Shortly before his abduction, Xu published an open letter to Xi titled, “Dear Chairman Xi, It’s Time for You to Go,” accusing him of incompetence in response to the Wuhan viral outbreak.
“In actual fact, I don’t really think that you are a bad person, as such; it’s simply that you’re not all that bright,” Xu wrote to Xi, acknowledging that Xi’s “associates are searching for me high and low so they can throw me back into jail.”
Xu’s extensive letter disparages the Belt and Road Initiative (BRI), Xi’s attempts to colonize the South China Sea, the response to the coronavirus outbreak, and essentially every aspect of Xi’s rule.

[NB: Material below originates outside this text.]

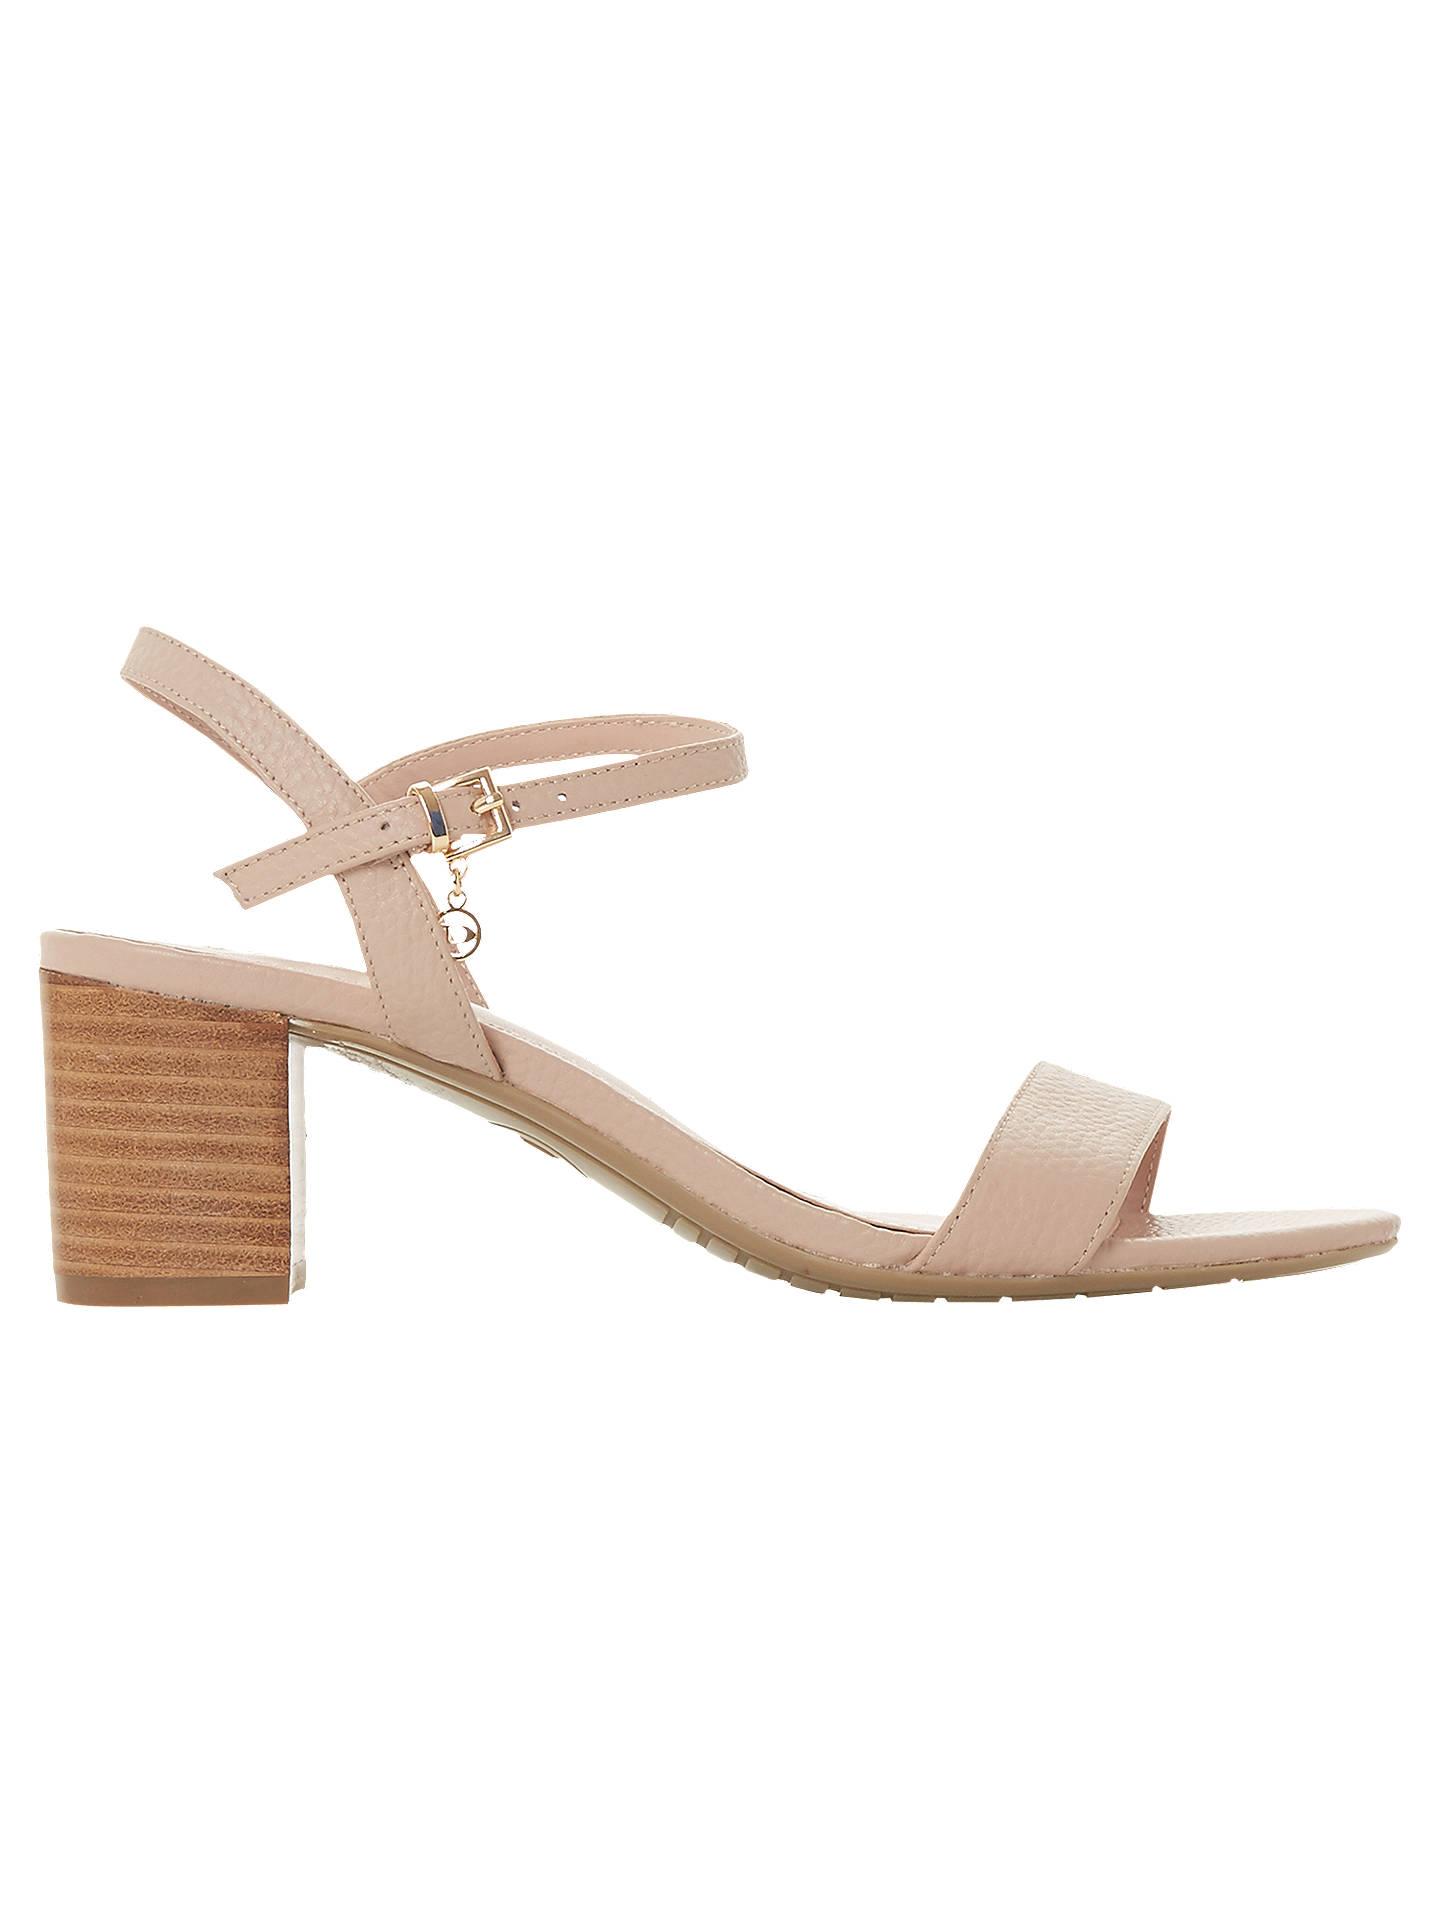 690480bb0c2 Dune Jiggle Block Heel Sandals at John Lewis   Partners
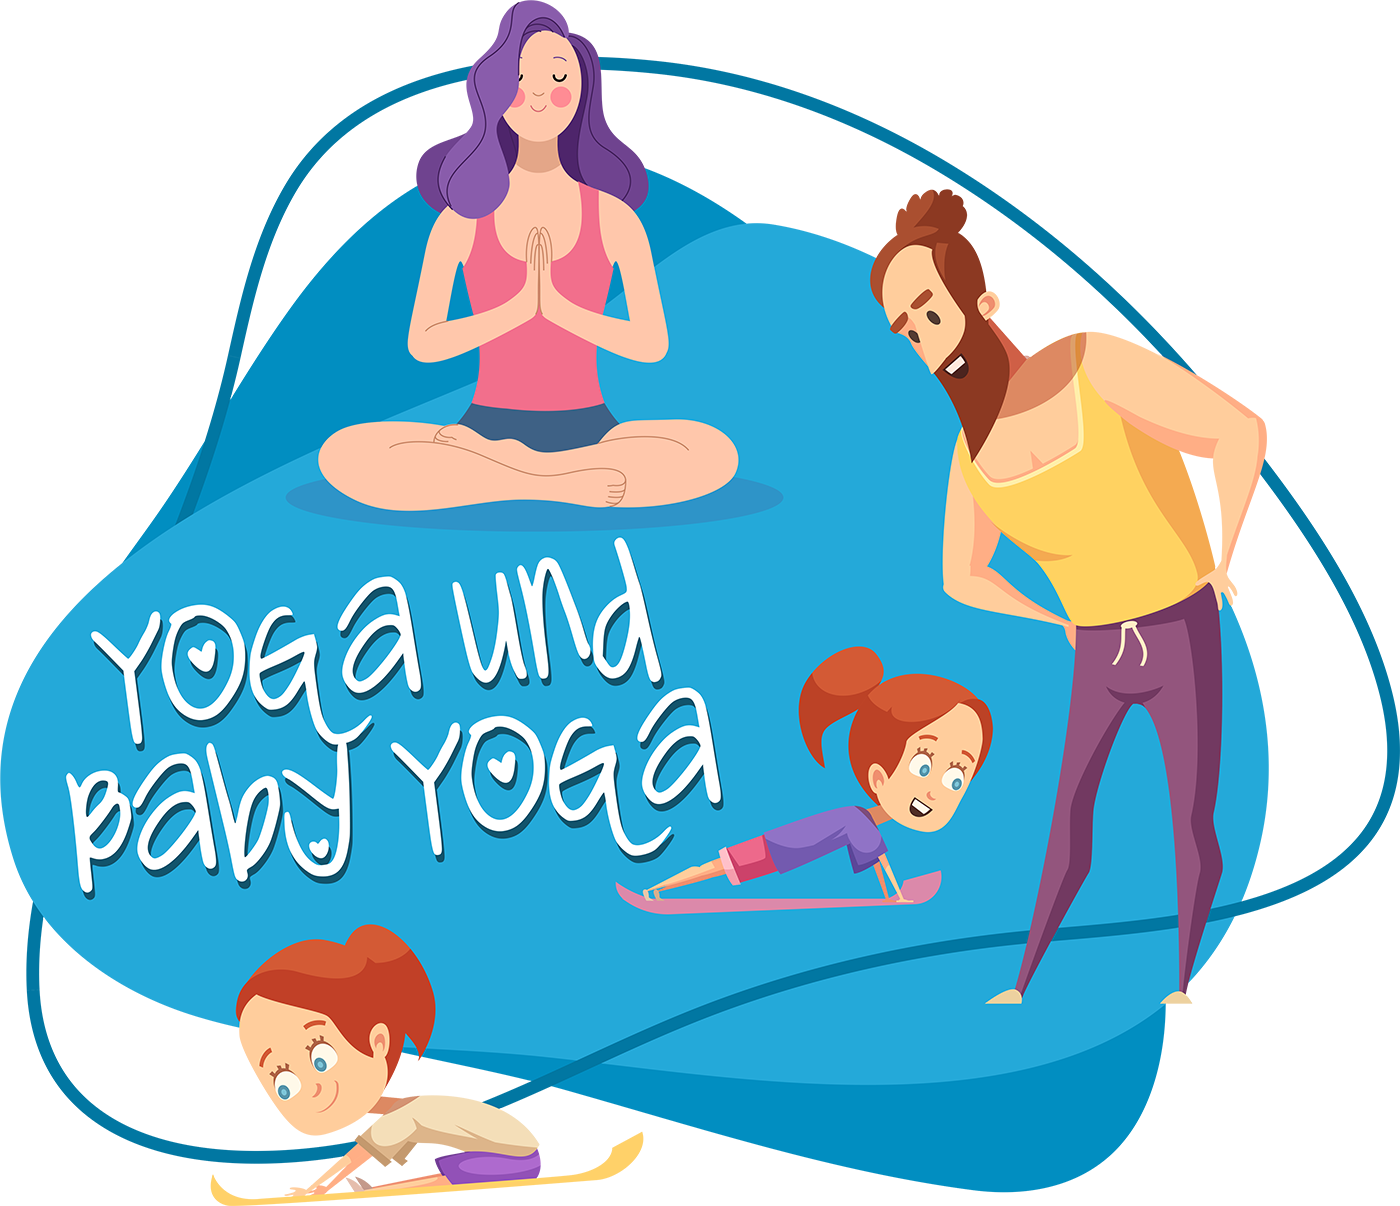 Yoga und Baby Yoga

It is laden with personal insults, referring to Xi as stupid, unconfident, and generally embarrassing to the Chinese people:
You have amassed dictatorial powers, and through your policies you have increasingly distorted the market. Now, the nation’s economy is trending downwards. You call this a revival? You have also espoused building a “beautiful China.” But that’s all just put out there for show; what about the deeply held aspirations people have to enjoy true equality, justice, freedom, and happiness? You tout things like the “Four Self-Confidences,” the “Eight Clarifications” and the “Fourteen Perseveres.” Sure, you’ve got a grab-bag of such slogans, but no one has a clue what any of them really means.
…
You’re not Putin, or Modi, and you’re certainly not Trump. You flirt with Cultural Revolution fanaticism, but you are no true-believing Leftist; you lurch towards bellicose nationalism, but you’re no hawk, either. You’re a big nothing.
…
Official documents pile up like mountains on your desk and you are drowning in an endless sea of meetings. You don’t even have time to read everything that’s put in front of you, so how can you possibly stand above the fray and have the kind of perspective that’s necessary to run a country like China? Fiscal management and the economy—you’re in charge of all of that as well! What’s the premier of the State Council [Li Keqiang] supposed to do? Do you have any particular expertise in economic matters? If not, then hand the responsibility to someone who does. Any political leader worth their salt would know to do that.
On the coronavirus outbreak, Xu accuses Xi of having a “basic ignorance of how a modern society actually works” that resulted in a “chaotic” and failed response in Wuhan.
“The practical measures taken should have been precise and involved targeted quarantines. Instead, you decided to go the whole hog and, with the stroke of a pen, you put over nine million people in lockdown,” Xu wrote. “When this masterstroke was announced, there was already a serious shortage of medical supplies and hospitals in Wuhan were full to capacity. As a result, large numbers of infected individuals could not be properly tested, let alone quarantined and treated.”
“You’re no politician. You’re far inferior to Deng Xiaoping. You have proved that you lack the most rudimentary competences. Yet you remain perversely unaware of your limitations; you actually think you are more formidable than Deng ever was and you have the hubris to presume that you are on par with Mao Zedong,” he continued. “Furthermore … you have an embarrassing penchant for making erudite references and quoting classical texts. … One presumes that in your youth you never thought you’d get this far, and your evident inferiority complex certainly does betray you, though nowadays you’ve changed a lot.”
Xu has been far from the last person to condemn Xi for allowing the coronavirus outbreak to infect tens of thousands of people and putting the global population in danger. In the early days of the outbreak in January, Wuhan police detained eight people for allegedly spreading “rumors” on social media. Most were health professionals sharing tips for how to prevent the virus from spreading or alerting to the spread of an unidentified contagious disease. One of those health professionals, Dr. Li Wenliang, died in February after contracting the Wuhan virus himself, prompting a wave of outrage at Chinese authorities for detaining and humiliating him during his last days.